Deliberate Self-harm Associated With Violent Criminality

MedicalResearch.com Interview with:

Hanna Sahlin MSc, Lic psychologist, Lic psychotherapist Specialist in clinical psychology PhD-student Departement of Clinical Neuroscience Karolinska Institutet National Self-harm project Centre for Psychiatry Research, CPF Stockholm, Sweden

Hanna Sahlin

Hanna Sahlin
MSc, Lic psychologist, Lic psychotherapist
Specialist in clinical psychology
PhD-student
Departement of Clinical Neuroscience
Karolinska Institutet
National Self-harm project
Centre for Psychiatry Research, CPF
Stockholm, Sweden

What is the background for this study?
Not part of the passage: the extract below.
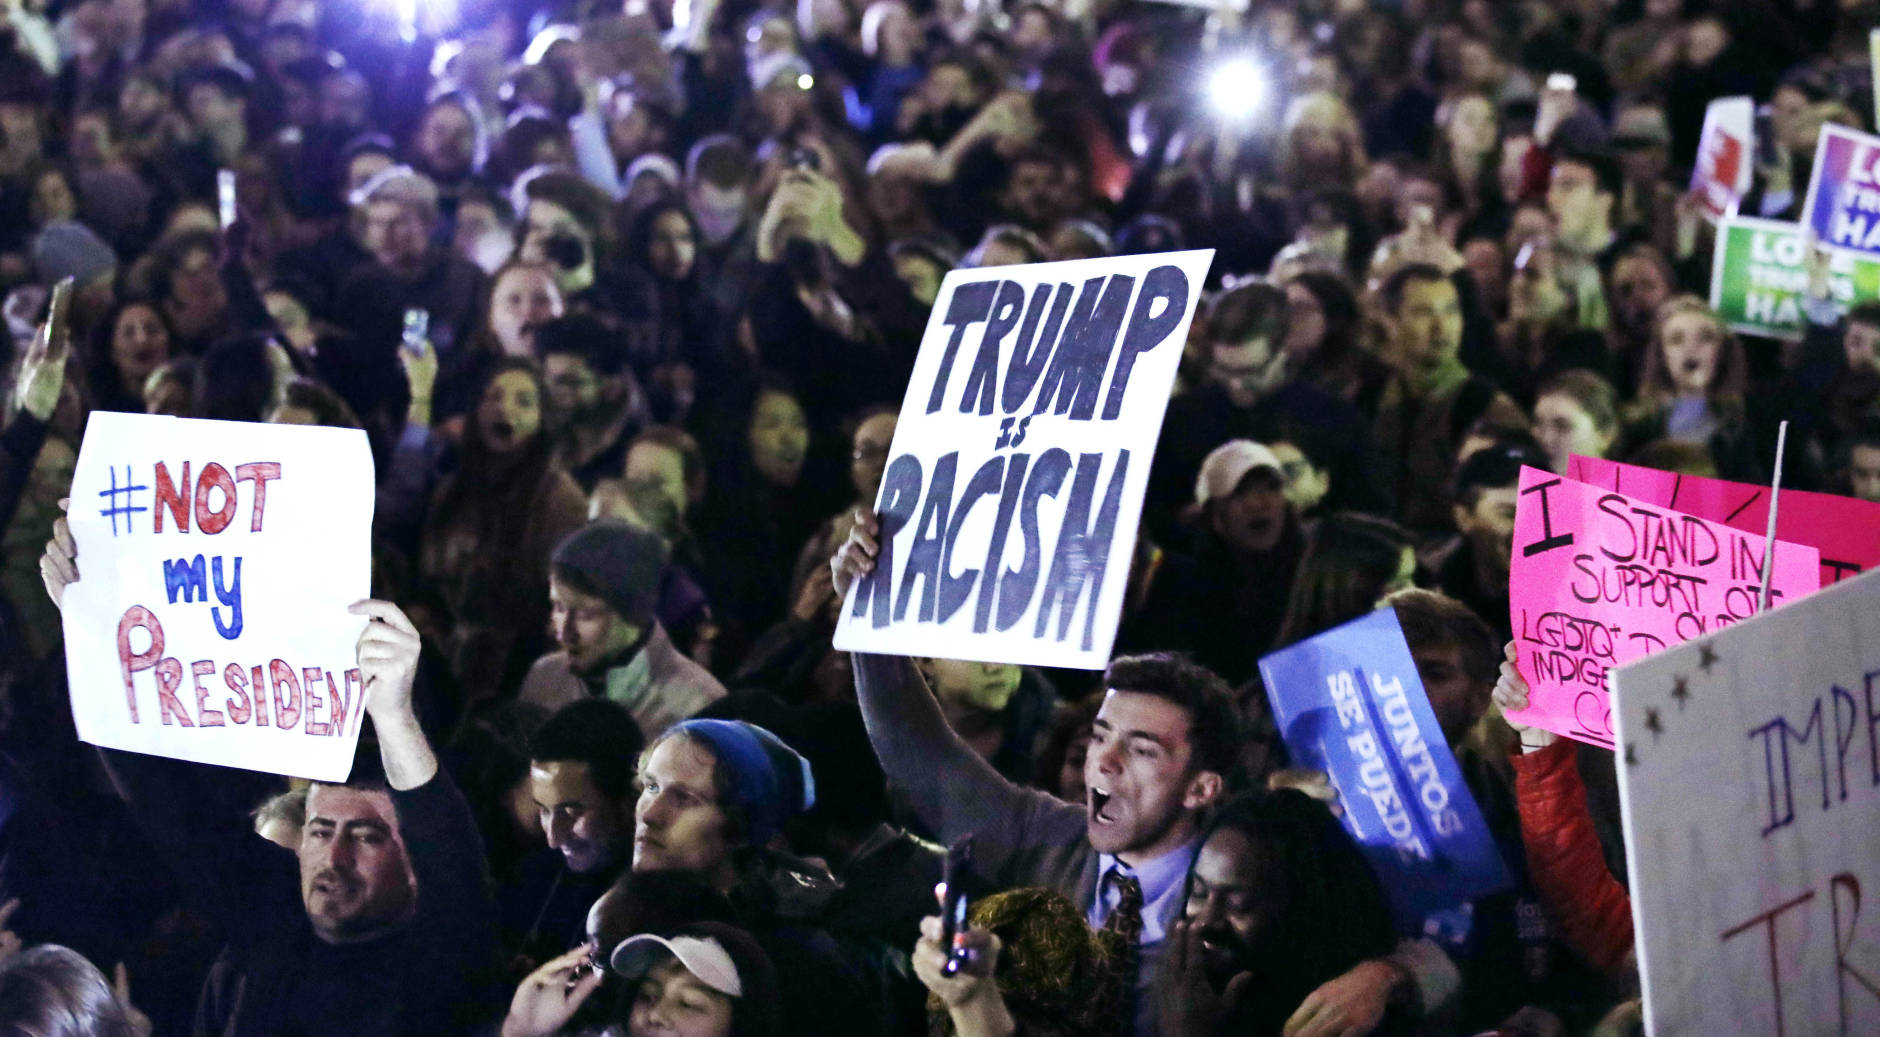 Hundreds protest in opposition of Donald Trump's presidential election victory on Boston Common in Boston, Wednesday evening, Nov. 9, 2016. (AP Photo/Charles Krupa)
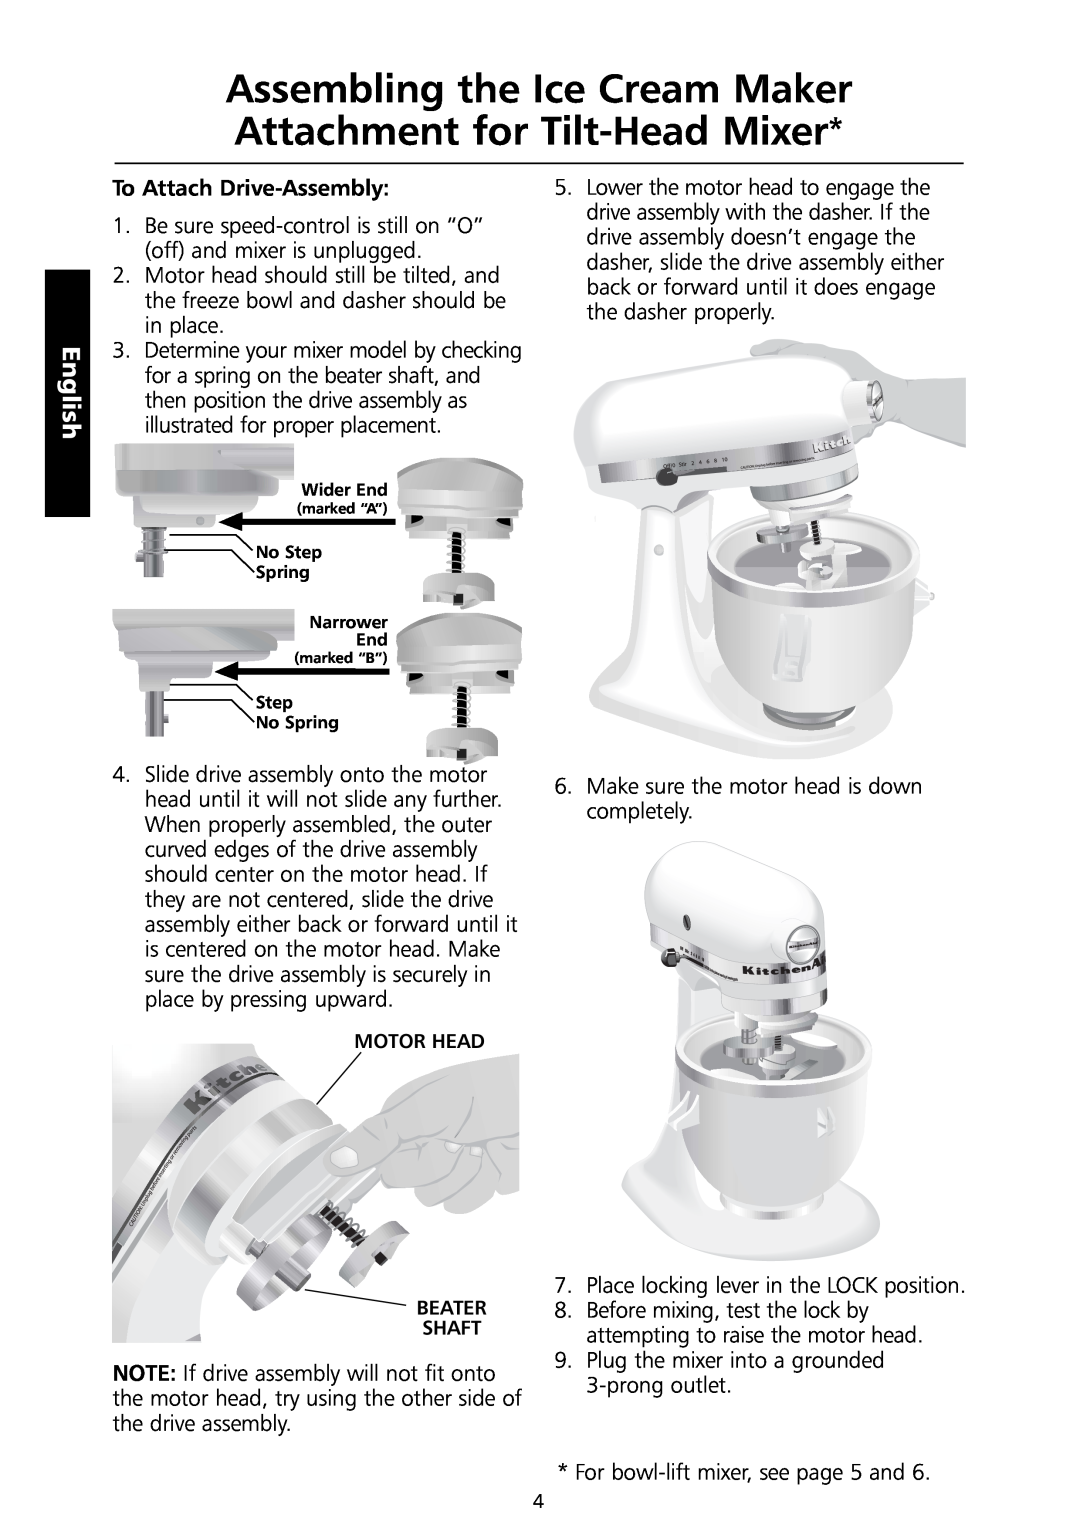 KitchenAid 5KICA0WH manual Assembling the Ice Cream Maker Attachment for Tilt-Head Mixer, English, To Attach Drive-Assembly

What are the main findings?

Response: This study is the result of wanting to find a more conclusive answer to whether individuals who engage in non-fatal deliberate self-harm are more prone to aggression towards others. There has long been a debate on whether aggression to oneself and aggression towards others co-occur, but the studies that have been conducted thus far have been on smaller samples or with clinical or forensic cohorts. Also, the studies have had great variability regarding the definition of both “deliberate self-harm” and “violence”. Thus, it has been difficult to establish an ”overall” effect size for this association, or to draw firmer conclusions on how and if this association plays out in the general population.

We had the opportunity to study this association in several large nationwide population-based registries including all Swedish citizens, and with high specificity regarding the ingoing variables of interest – i.e., non-fatal deliberate self-harm (as registered in the National Patient Register) and violent crime convictions (as registered in the National Crime Register).

We found a five times increased crude risk (hazard) of being convicted of a violent crime if one had received self-harm associated clinical care, and vice-versa, that there was an equally increased risk of self-harm if one had been convicted of a violent crime. After controlling for relevant psychiatric comorbidities and socio-economic status, an almost doubled risk of violent crime conviction remained among self-harming men and women compared to individuals not exposed to self-harm. It is important to notice that our study did not find any evidence suggesting that self-harm behaviours cause violent criminality. Therefore, we conclude that the engagement in violence towards oneself and towards others share an underlying vulnerability to impulsive and aggressive behaviours.

MedicalResearch.com: What should readers take away from your report?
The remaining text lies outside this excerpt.